EL SUEÑO DE JACK
Claro que llevaba consigo a Lobo. Lobo se había ido a su casa, pero una sombra grande y leal acompañaba a Jack en todos los camiones y camionetas Volkswagen y coches polvorientos que recorrían las autopistas de Illinois. Este fantasma sonriente destrozaba el corazón de Jack. A veces veía —casi— la enorme y peluda forma de Lobo corriendo junto a la autopista, saltando por los campos yermos. Libre, Lobo le miraba con ojos radiantes color de calabaza. Cuando desviaba la vista, Jack sentía la ausencia de una mano de Lobo cerrada en torno a la suya. Ahora que echaba tanto de menos a su amigo, el recuerdo de su impaciencia con Lobo le avergonzaba y sonrojaba.
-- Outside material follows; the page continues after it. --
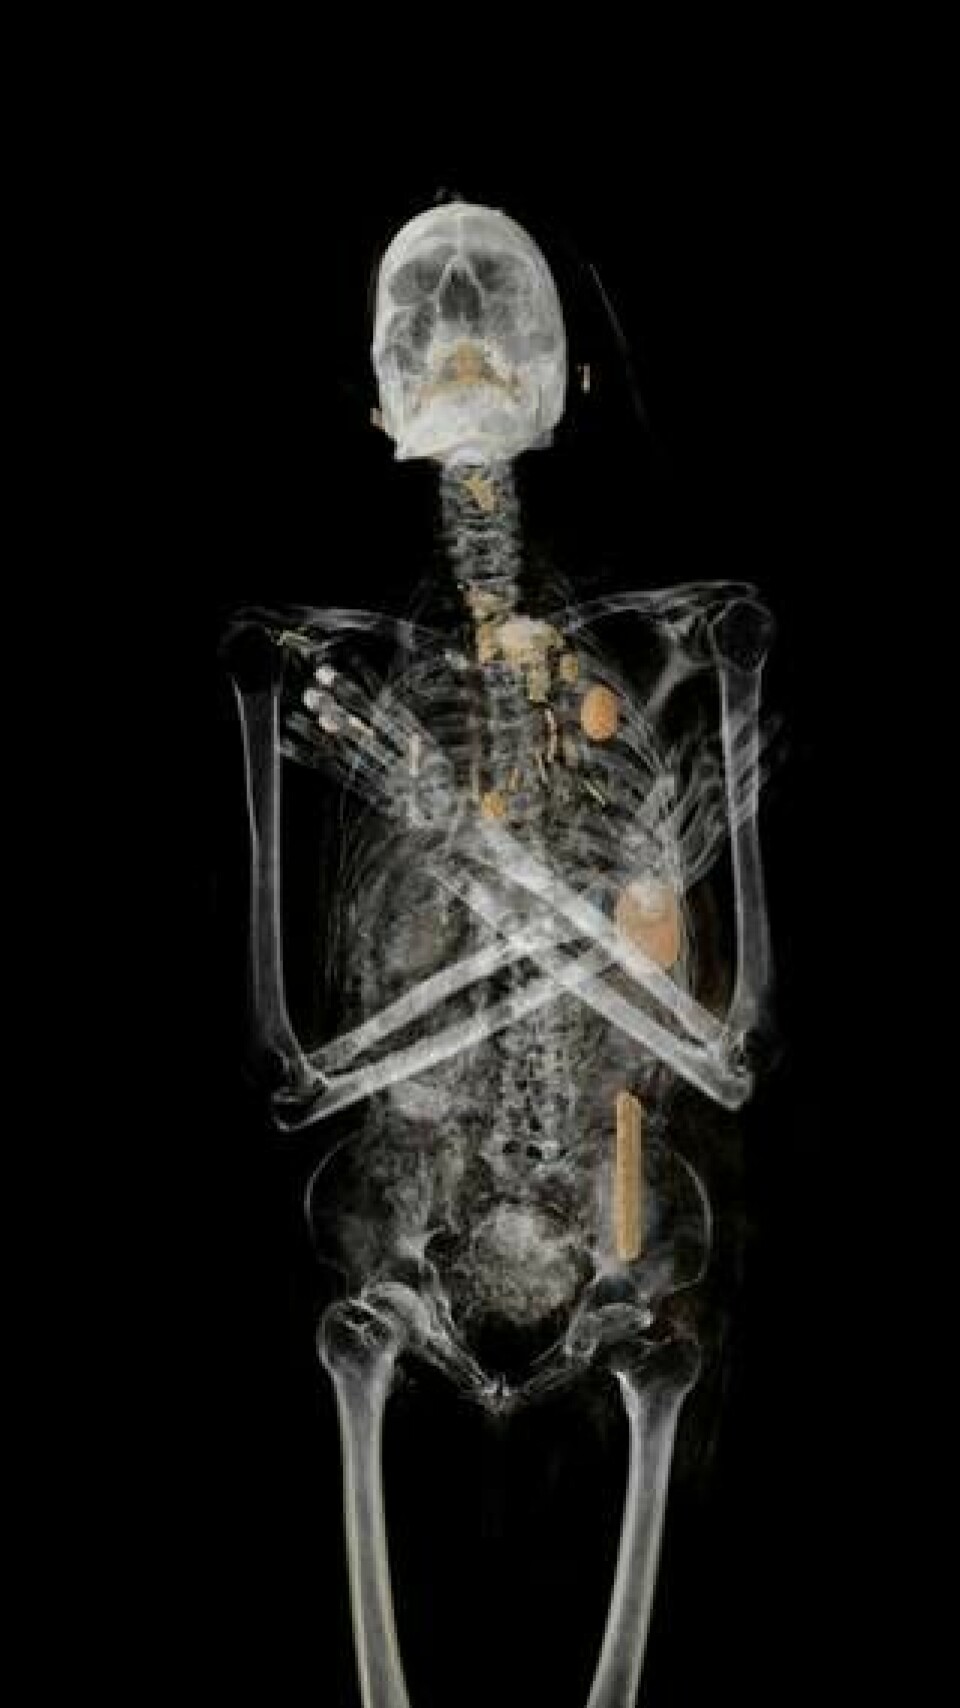 Sammansatta datortomografibilder avslöjar mängder av amuletter på mumiens bröstkorg. En av dem är den nu återskapade falken. Foto: Världskulturmuseerna/Interactive Institute Swedish ICT

Había pensado en abandonar a Lobo más veces de las que podía contar. Vergonzoso, vergonzoso. Lobo había sido… Jack tardó un poco en comprenderlo, pero la palabra era noble. Y este ser noble, tan fuera de lugar en este mundo, había muerto por él.
He guardado bien a mi rebaño. Jack Sawyer ya no era el rebaño. He guardado bien a mi rebaño. Había momentos en que los camioneros o agentes de seguros que recogían a aquel extraño y atractivo muchacho —a pesar de que iba sucio y desaliñado, aunque a lo mejor no habían recogido en su vida a nadie en la carretera— le miraban y le veían parpadear para contener las lágrimas.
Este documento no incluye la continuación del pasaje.